Advances in Bio-instrumentation

Booklet published from work at VG Biotech
There's no doubt that since, say 1980, the development and application of scientific instrumentation in the life sciences has been rapid, enabling and has surpassed the expectations of even those in the field. I list some of these below:

  • Mass spectrometers: Electrospray and Matrix-assisted laser desorption time-of-flight
  • Protein sequencing: Gas phase
  • Gene sequencing: Automated Sanger and Oxford nanopore sequencers
  • Microscopy: cryoelectron microscopy, confocal microscopy, atomic force microscopy and others

I participated in the early development of electrospray mass spectrometry (ESMS) as applied to proteins and peptides, working with FISONS Instruments (VG Biotech) at their Altrincham labs near Manchester. Acting as a consultant to my former employer (Delta Biotechnology) I was also able to use ESMS to look at the quality of recombinant proteins like HSA.

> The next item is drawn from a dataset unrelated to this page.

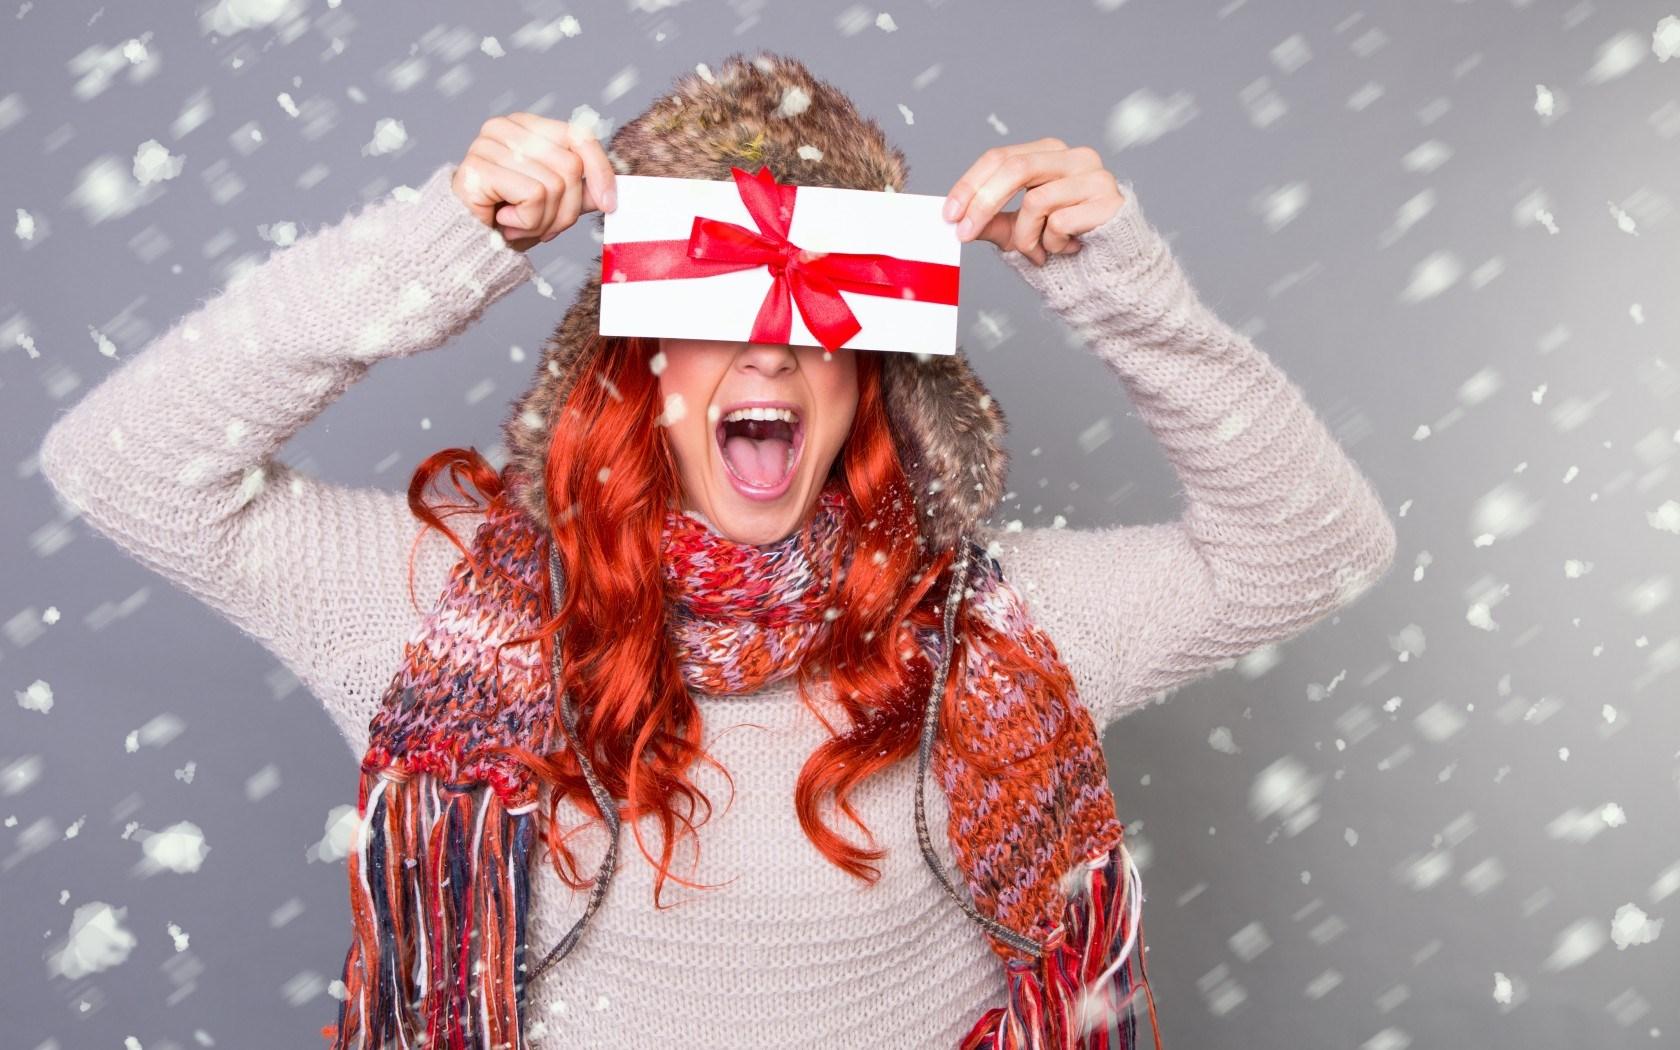 Envelope Girl Redhead Christmas Holiday New Year

I produced a pair of illustrative booklets, the most significant of which explored the application of ESMS to determine protein post-translational processing. Prior to this, candidate proteins had to be digested to provide lower molecular weight peptides which then needed to be separated by chromatography in many instances.

ESMS is especially valuable with intact glycoproteins for detecting and identifying "glycoforms". When combined with MS/MS methods and sometimes enzymatic digest, complete molecular descriptions of glycoproteins can be realised. We are approaching whole cell glycoproteomics, if we're not already there as I write this page.


Protein identification Mass spectrometry now is an important technology in proteomics. Peptide mass fingerprinting (of protein mixtures in the case of proteomics analysis) enables searching mass spectral databases of predicted protein fragment masses. This can be refined further by performing MS/MS analysis to obtain sequence information on selected peptides.

I was very fortunate that my host institution agreed to purchase a "gas phase" protein sequencer for my lab on the understanding that I would assist other institute groups with sequence analysis (my equipment request then was rather like asking for an MRI scanner now!). We had the second instrument installed in the UK. It enabled me to compare sequences from annexins (as mentioned elsewhere).

Gas phase sequencing technology was developed in the US at Cal Tech in LeRoy Hood's lab with Mike Hunkapiller. The spin-out business was known as Applied Biosystems. The sequencer versions gradually improved until I was using a fully automated instrument at Delta Biotechnology Ltd in Nottingham to sequence recombinant proteins under development as therapeutics.

As expected the capability of protein sequencing technology has continued to develop.As with the fluorescent dye-labelling methods applied to sequence nucleic acids, analogous labelling techniques are now being developed to sequence proteins. The eventually may lead to "super-proteomics" approaches that can determine protein sequences in isolation or in mixtures.

Gas phase protein sequencer supplied by ABI biosystems

Recombinant therapeutic protein stability in formulations I undertook a contract for Thermometric Ltd, A UK business that manufactures extremely sensitive microcalorimeters.

Heat flow examined in recombinant HSA samples held at 57 deg C in a Thermometric microcalorimeter

I gained this contact at one of the trade fairs I organised alongside my POPE conference. I am grateful to Nottingham University for allowing me to run my experiments in their labs. Protein (or small molecule) therapeutics can change chemically or degrade in other ways during storage in the delivery ampoules. A highly topical example would be the mRNA COVID-19 vaccines formulated in lipid micelles or liposomes.

The thermometric equipment can pick this up as enthalpy changes (heat absorption or emission) with incredible sensitivity. For the company I used their instrument to look at recombinant HSA in solution. The figure shows the heat changes of excipient (buffer) and recombinant HSA with and without added stabilizers at 57oC over 20 hours. I was highly impressed with this equipment which picked up changes even in therapeutics in solid tablet form.